La propuesta llega en un momento donde el entrenamiento ciclista basado en datos ha dejado de ser exclusivo del ámbito profesional. Cada vez más ciclistas aficionados utilizan medidores de potencia, análisis de carga o métricas de recuperación similares a las presentes en equipos de alto nivel. Sin embargo, interpretar correctamente esa información sigue siendo uno de los grandes retos para muchos usuarios.
Desde Harbiz explican que el objetivo no es sustituir el criterio del entrenador, sino darle más herramientas para contextualizar el rendimiento y el estado físico de cada cliente. En la práctica, un preparador podrá analizar cómo duerme un ciclista, cómo recupera tras una salida intensa o cómo evoluciona su fatiga semanal sin depender de múltiples aplicaciones externas.
Mario Morante, CEO de Harbiz, resumió esa idea señalando que el valor del entrenador ya no reside solo en prescribir entrenamientos, sino en interpretar mejor las necesidades de cada persona
. La integración con Garmin busca precisamente reforzar ese papel mediante información más precisa y accesible.
Para el ciclismo, especialmente en modalidades como el Cross Country de competición, el Gravel o el entrenamiento de resistencia en carretera, el seguimiento continuo de parámetros fisiológicos se ha convertido en una herramienta habitual. La recuperación, la calidad del sueño o el equilibrio entre carga y descanso tienen cada vez más peso dentro de la planificación deportiva moderna.
Garmin aporta aquí uno de los ecosistemas más extendidos del mercado. Sus dispositivos ya forman parte del día a día de miles de ciclistas gracias a funciones relacionadas con navegación, análisis de rendimiento o monitorización fisiológica. La novedad está en cómo esos datos pasan ahora a integrarse dentro de una plataforma orientada directamente al negocio y trabajo diario de entrenadores y coaches.

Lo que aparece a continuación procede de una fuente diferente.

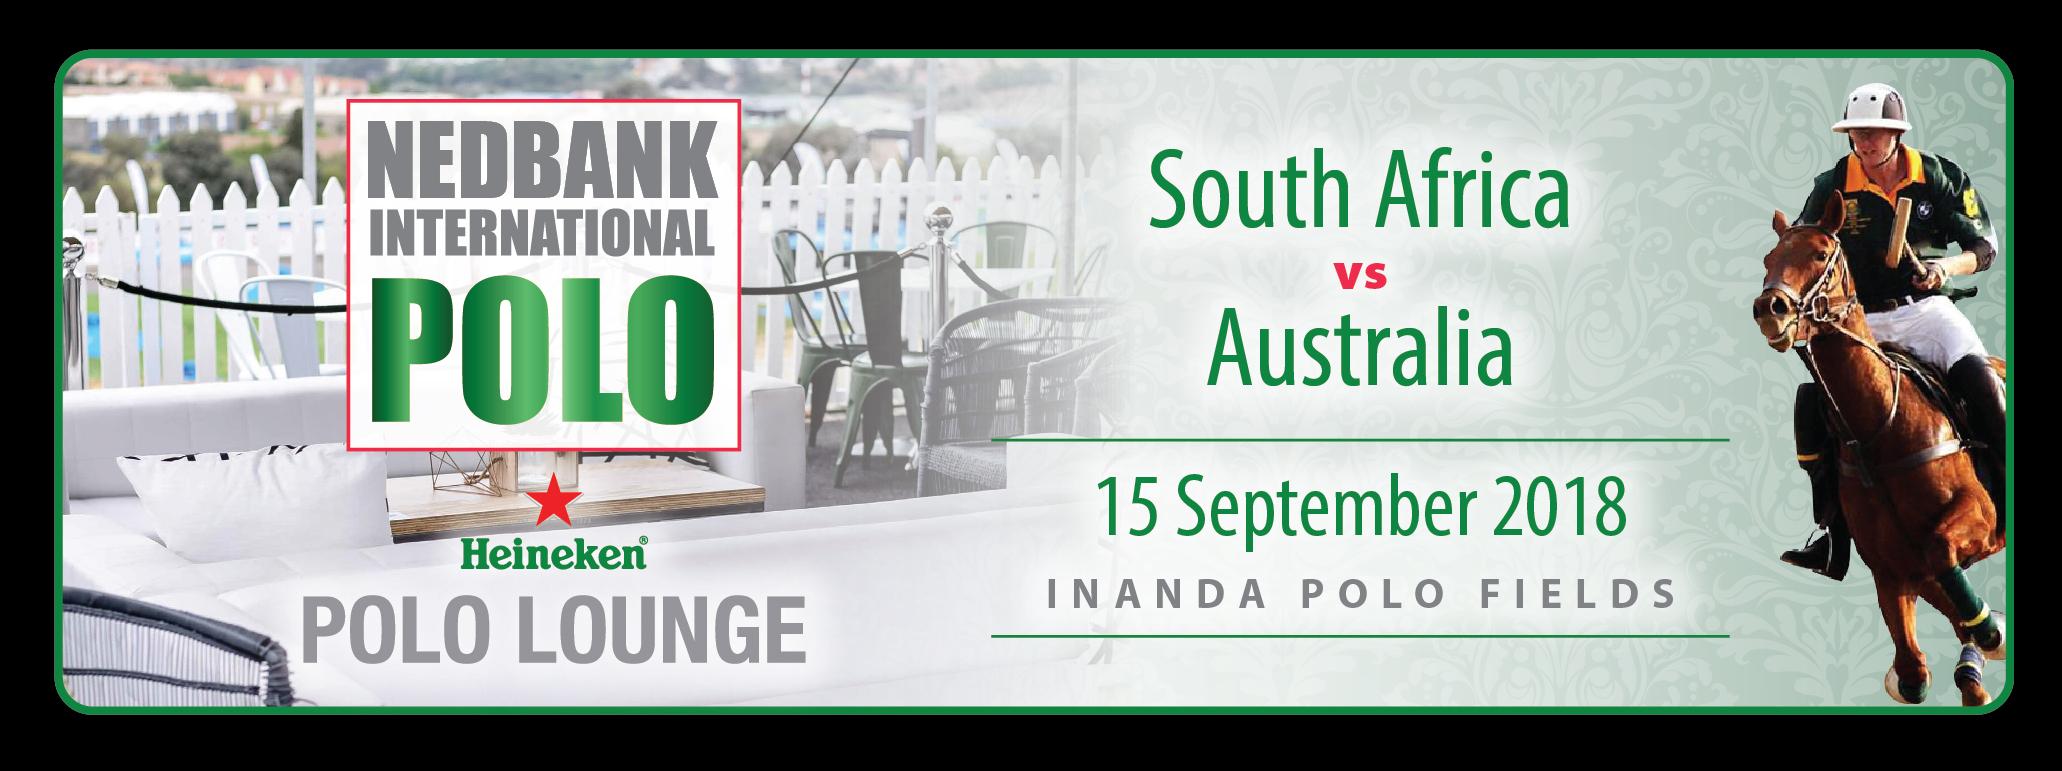 Nedbank International Polo - Inanda Fields - South Africa vs Australia

La colaboración también refleja cómo el sector del entrenamiento deportivo sigue evolucionando hacia modelos más digitales y conectados. La figura clásica del entrenador presencial convive ahora con servicios online, seguimiento remoto y análisis permanente del estado físico del deportista. Ahí es donde soluciones como esta intentan ganar terreno.
Otro de los puntos importantes del acuerdo aparece en la capacidad de escalar servicios personalizados. Para muchos profesionales del ciclismo y la preparación física, gestionar decenas de clientes manteniendo un seguimiento individualizado resulta complicado sin apoyo tecnológico. La integración entre ambas plataformas busca precisamente facilitar ese trabajo.

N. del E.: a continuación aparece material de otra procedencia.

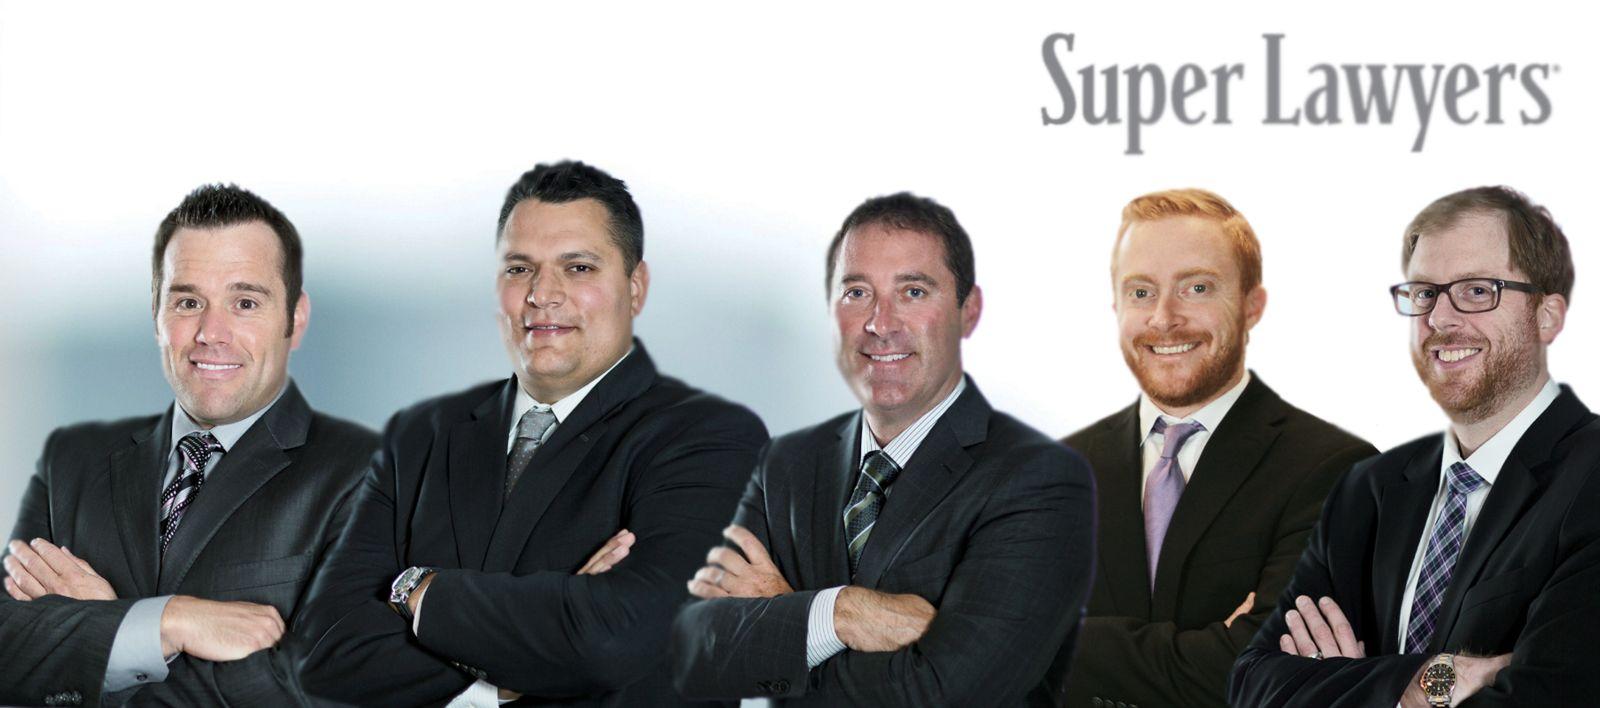 Attorneys Jason Abraham, Chad Kreblin, Brandon Derry, Rober t Domol highligheted by Super Lawyers

En mercados como España y México, donde Harbiz concentra buena parte de su actividad, el crecimiento del uso de wearables deportivos en ciclismo ha sido especialmente fuerte durante los últimos años. Los ciclistas ya no buscan únicamente registrar kilómetros o velocidad; también quieren entender mejor cómo responde su cuerpo al entrenamiento.
La alianza entre ambas compañías llega además en plena expansión de los servicios digitales relacionados con salud, deporte y rendimiento. Lo que hace unos años parecía reservado a equipos WorldTour o centros de alto rendimiento ahora empieza a formar parte del entrenamiento habitual de muchos deportistas amateurs.
En ese escenario, herramientas capaces de transformar datos complejos en decisiones prácticas ganan importancia. Y cuando se trata de ciclismo, donde la planificación del esfuerzo marca muchas veces la diferencia entre mejorar o estancarse, disponer de una visión más completa del estado físico puede terminar siendo una ventaja relevante.
La colaboración entre ambas empresas también apunta hacia una tendencia clara dentro del sector: el crecimiento del coaching deportivo conectado, donde dispositivos, plataformas y entrenadores trabajan sobre un mismo flujo continuo de información para ofrecer un seguimiento más preciso y personalizado.